Notable Quotables - 01/29/1996
Hillary's Tough Media Scrutiny
"You also quote a letter in [It Takes a Village] that Nelson Mandela wrote to one of his daughters while he was in prison, and I'm paraphrasing a bit, but he wrote that there is no personal misfortune that one cannot turn into a personal triumph if one has the iron will and the necessary skills. You clearly have an iron will, you clearly are skilled. How are you going to turn this personal misfortune into a personal triumph?"
"You think government
should do a lot more than it's doing in terms of making children
a priority, doing things for kids. We're clearly living in an
age where people are anti-government. How do you get across the
message that we all need to see everybody's kids as our own, we
need to have more programs, the government needs to be more
involved?"
- Questions to Hillary Rodham Clinton from
Today substitute co-host Maria Shriver (who called the book
"really terrific" and "terrific"), January
16.
"I think it's been a pretty
good week for Mrs. Clinton. I think that a lot of people even
listening to the program so much today keep saying `What's the
crime? What did she do so wrong?' It's a little bit like the
budget. Mr. Clinton's protecting us and everybody is against
him. I think there is beginning to be the feeling of she's being
harassed too much."
- Barbara Walters on This Week with
David Brinkley, January 14.
Forbes Annoys the Media
"Well it helps to know this
about a flat tax. It's a very radical notion and it's not nearly
so simple as it sounds and politicians are very careful not to
put all the ramifications on the table. But here are some of the
basics....It is supposed to encourage savings and investment
because profits would be tax free. But will plumbers be hurt
more than plutocrats?....Certainly the rich would do better than
the middle class....Here is something else that worries almost
everyone. You see no Western country has ever tried to make such
a seismic shift. How big will a flat tax need to be to raise the
money which the government needs to run the country?"
-
ABC News anchor Peter Jennings on the January 15 World News
Tonight.
"Steve, isn't this a souped-up
version of the same kind of trickle-down Reaganomics that we saw
through already? Lower taxes were supposed to spur growth.

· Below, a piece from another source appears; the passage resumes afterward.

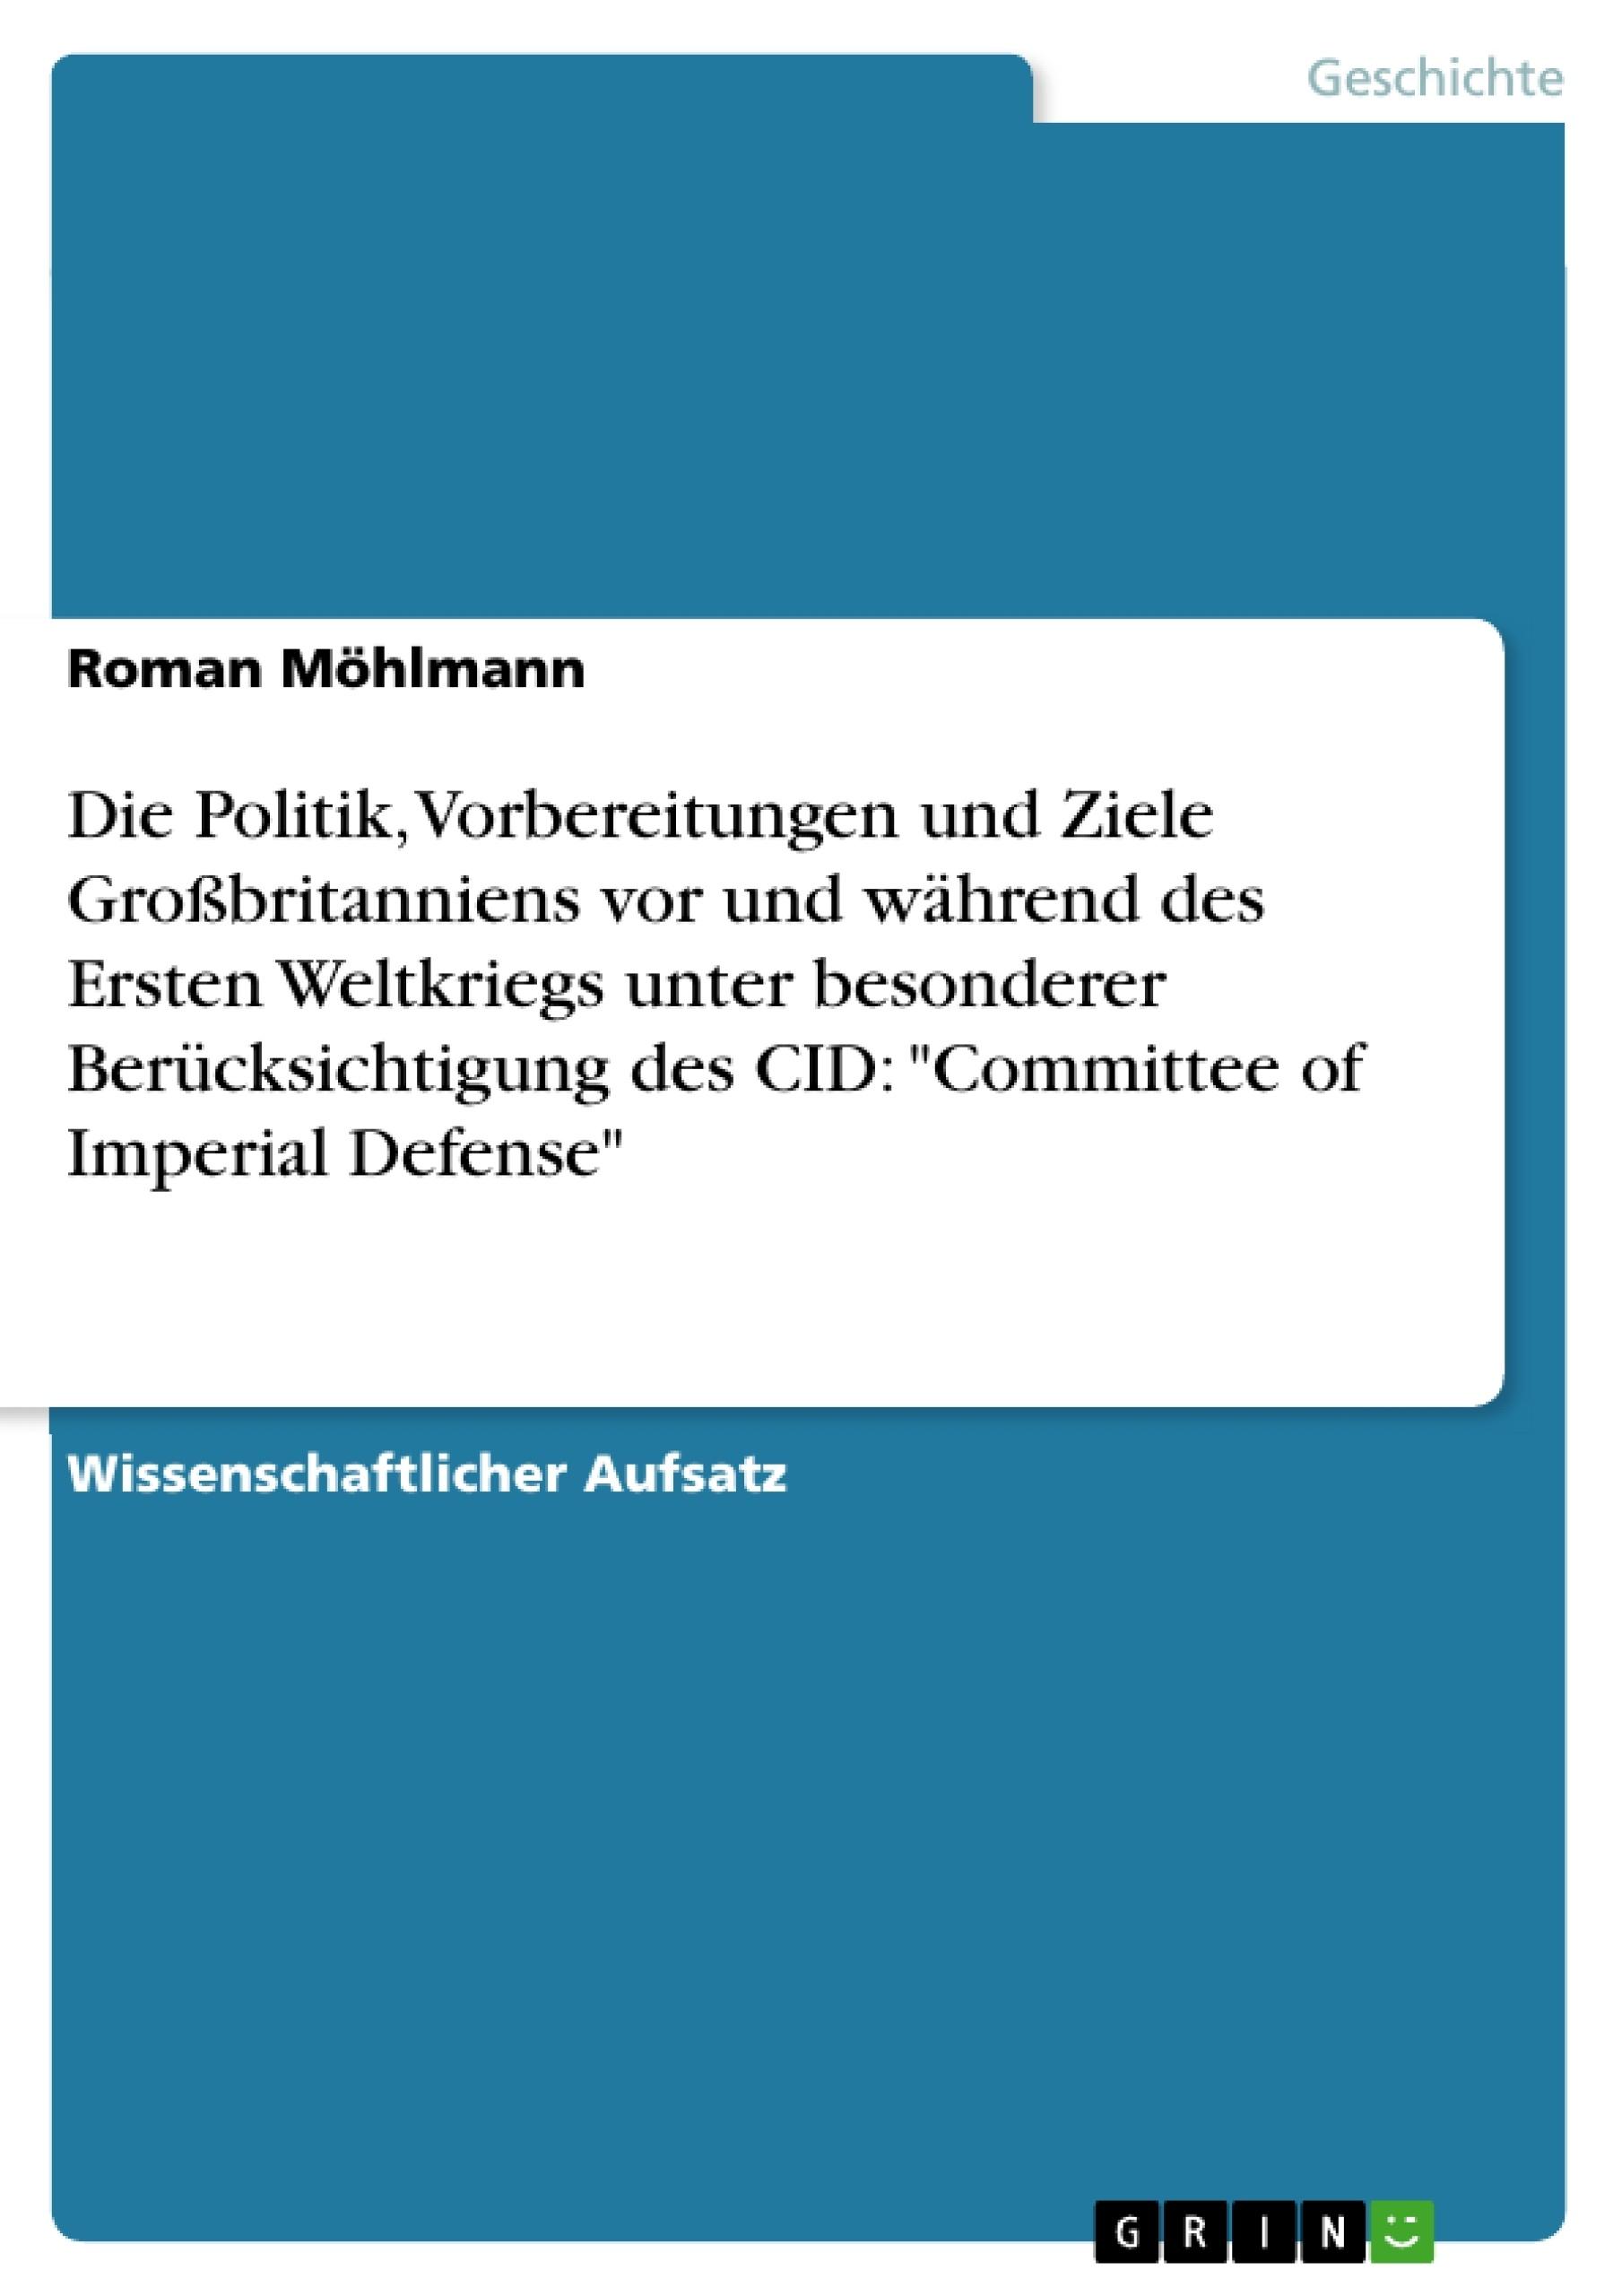 """Titel: Die Politik, Vorbereitungen und Ziele Großbritanniens vor und während des Ersten Weltkriegs unter besonderer Berücksichtigung des CID: """"Committee of Imperial Defense"""""""

Instead we got record deficits."
- Bryant Gumbel to
Republican presidential candidate Steve Forbes, January 18 Today.
"[Forbes] paints a vision
of wealthy investors shifting their money out of T-bills and
into new factories and investments. It may not have worked that
way in the 1980s, when top tax rates were slashed and the
deficit soared, but that's the reason supply-siders are often
described as optimists."
- Time Washington Bureau Chief
Dan Goodgame, January 29 issue.
"You may recall that Ronald
Reagan, on whom Forbes models himself, said his tax cuts would
balance the budget. Instead, they helped add trillions to the
national debt."
- Newsweek reporters Howard Fineman and
Mark Hosenball, January 29 issue.
Freshmen: Insane, Naive, Extreme, Mean
"The freshmen are the ones
who are seen as the obstacles to sane government."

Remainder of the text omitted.